We can now train our model with the following command:

**NOTE: This will take about 50 minutes on colab's K80 GPUs.**

In [None]:
!(python fastpitch_finetune.py --config-name=fastpitch_align_v1.05.yaml \
  train_dataset=9017_manifest_train_local.json \
  validation_datasets=9017_manifest_valid_local.json \
  exp_manager.exp_dir=./fastpitch_finetune \
  +exp_manager.create_wandb_logger=True \
  +exp_manager.wandb_logger_kwargs='{project:nemo, job_type:training, log_model:True}' \
  +init_from_nemo_model=./tts_en_fastpitch_align.nemo \
  model.pitch_mean=121.9 model.pitch_std=23.1 \
  model.pitch_fmin=30 model.pitch_fmax=512 \
  trainer.max_steps=1000 \
)

Let's take a closer look at the training command:

* `--config-name=fastpitch_align_v1.05.yaml`
  * We first tell the script what config file to use.

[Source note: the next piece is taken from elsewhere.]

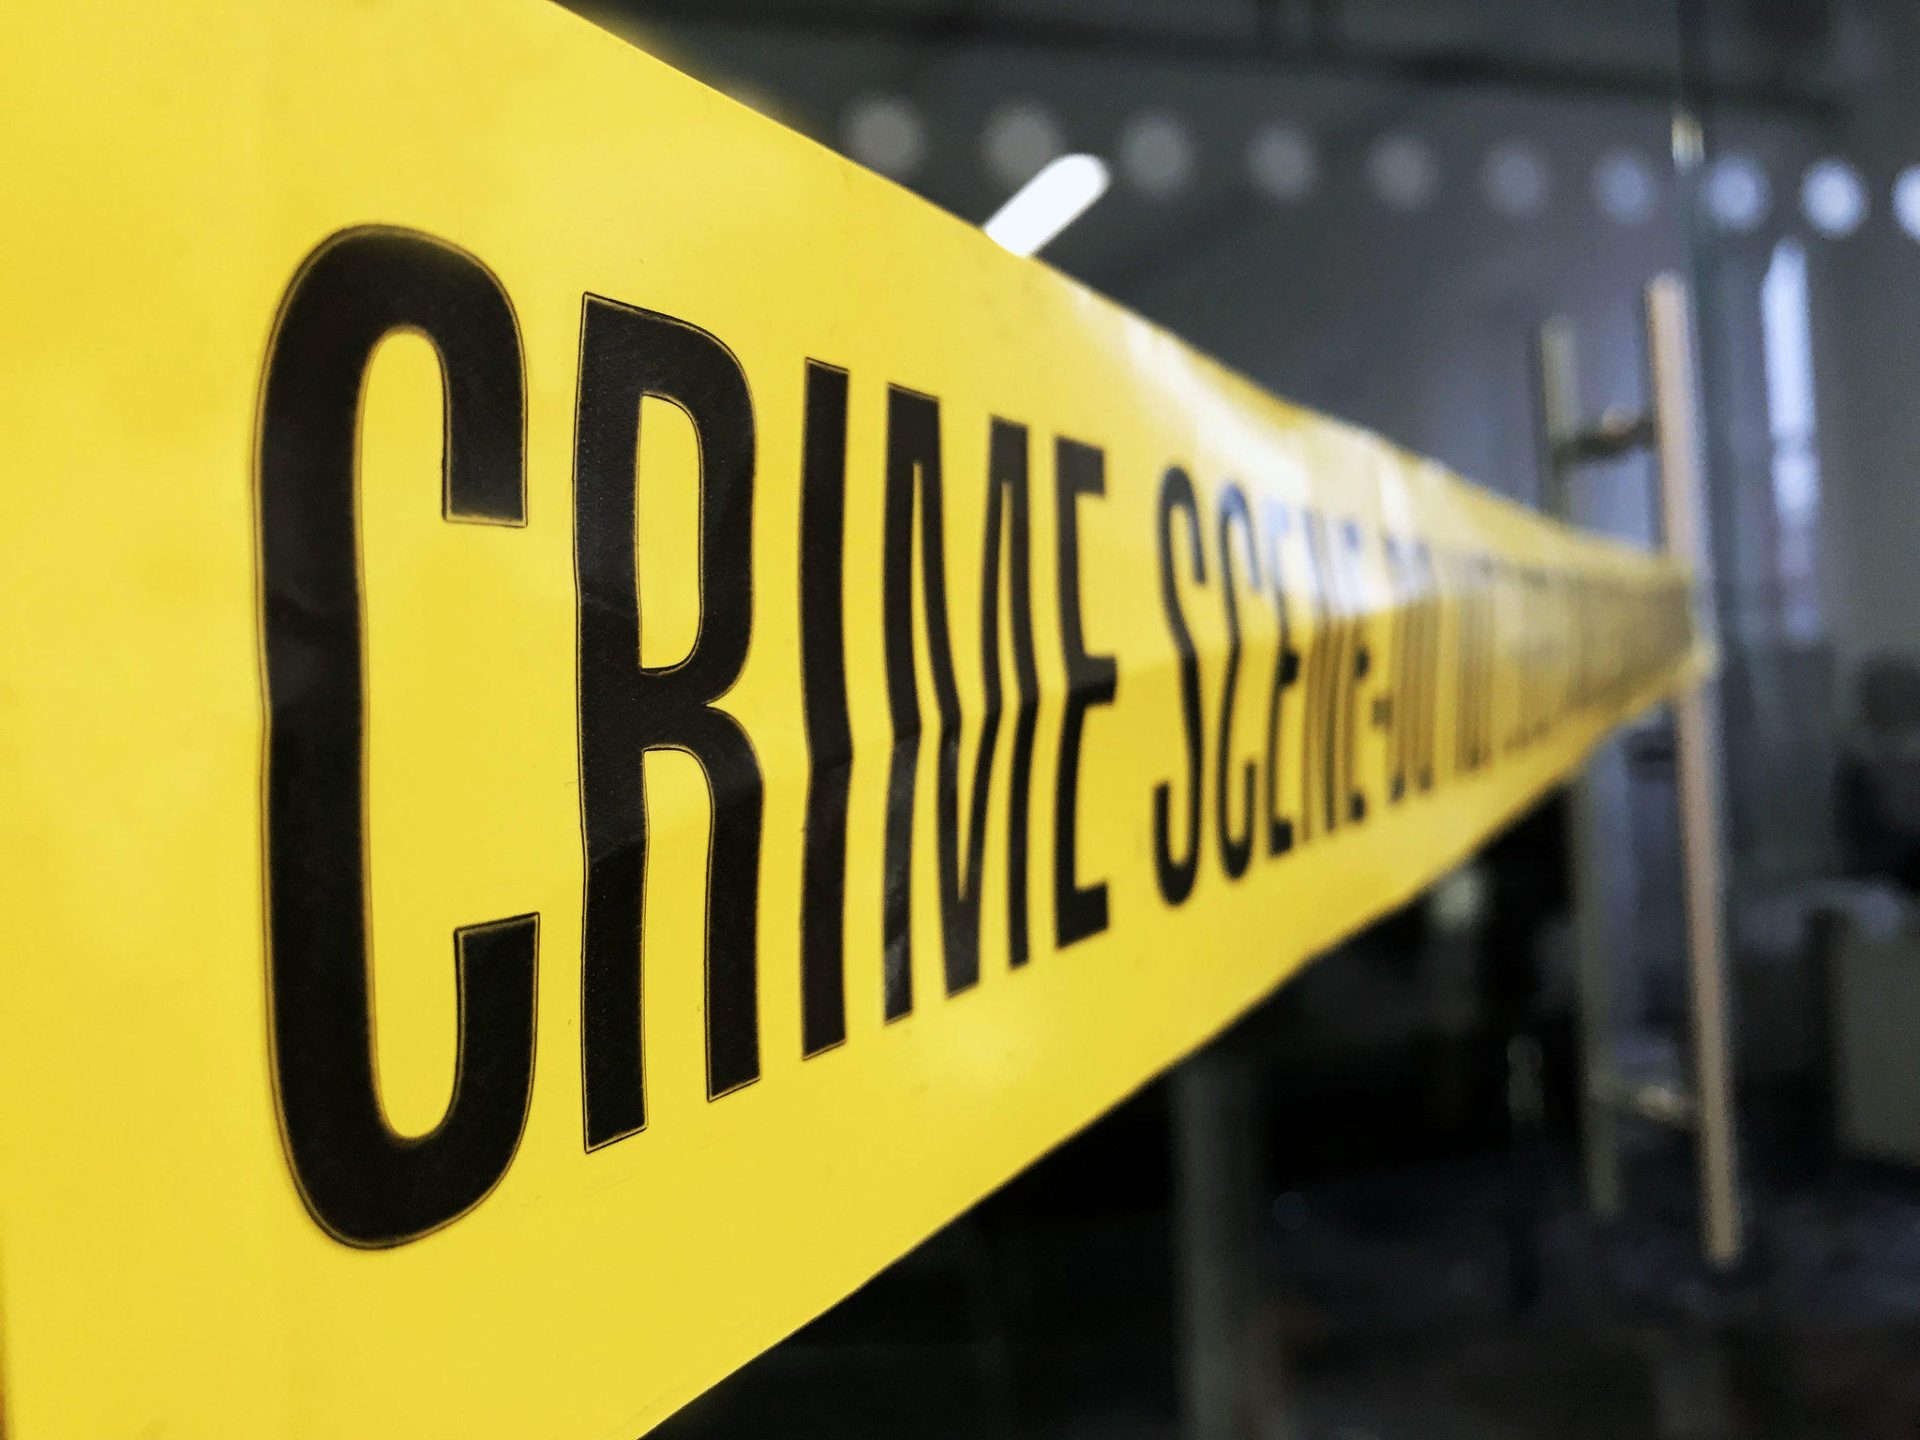 A youngman’s body found dumped in a Kisii market

* `train_dataset=./6097_manifest_train_dur_5_mins_local.json 
  validation_datasets=./6097_manifest_dev_ns_all_local.json 
  sup_data_path=./fastpitch_sup_data`
  * We tell the script what manifest files to train and eval on, as well as where supplementary data is located (or will be calculated and saved during training if not provided).
  
* `phoneme_dict_path=tts_dataset_files/cmudict-0.7b_nv22.10 
heteronyms_path=tts_dataset_files/heteronyms-052722
whitelist_path=tts_dataset_files/lj_speech.tsv 
`
  * We tell the script where `phoneme_dict_path`, `heteronyms-052722` and `whitelist_path` are located. These are the additional files we downloaded earlier, and are used in preprocessing the data.
  
* `exp_manager.exp_dir=./ljspeech_to_6097_no_mixing_5_mins`
  * Where we want to save our log files, tensorboard file, checkpoints, and more.

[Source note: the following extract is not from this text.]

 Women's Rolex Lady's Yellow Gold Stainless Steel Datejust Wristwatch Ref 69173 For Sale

* `+init_from_nemo_model=./tts_en_fastpitch_align.nemo`
  * We tell the script what checkpoint to finetune from.

* `+trainer.max_steps=1000 ~trainer.max_epochs trainer.check_val_every_n_epoch=25`
  * For this experiment, we tell the script to train for 1000 training steps/iterations rather than specifying a number of epochs to run. Since the config file specifies `max_epochs` instead, we need to remove that using `~trainer.max_epochs`.

* `model.train_ds.dataloader_params.batch_size=24 model.validation_ds.dataloader_params.batch_size=24`
  * Set batch sizes for the training and validation data loaders.

* `model.n_speakers=1`
  * The number of speakers in the data. There is only 1 for now, but we will revisit this parameter later in the notebook.

* `model.pitch_mean=121.9 model.pitch_std=23.1 model.pitch_fmin=30 model.pitch_fmax=512`
  * For the new speaker, we need to define new pitch hyperparameters for better audio quality.
  * These parameters work for speaker 6097 from the Hi-Fi TTS dataset.
  * For speaker 92, we suggest `model.pitch_mean=214.5 model.pitch_std=30.9 model.pitch_fmin=80 model.pitch_fmax=512`.
  * fmin and fmax are hyperparameters to librosa's pyin function. We recommend tweaking these per speaker.
  * After fmin and fmax are defined, pitch mean and std can be easily extracted.

* `model.optim.lr=2e-4 ~model.optim.sched model.optim.name=adam`
  * For fine-tuning, we lower the learning rate.
  * We use a fixed learning rate of 2e-4.
  * We switch from the lamb optimizer to the adam optimizer.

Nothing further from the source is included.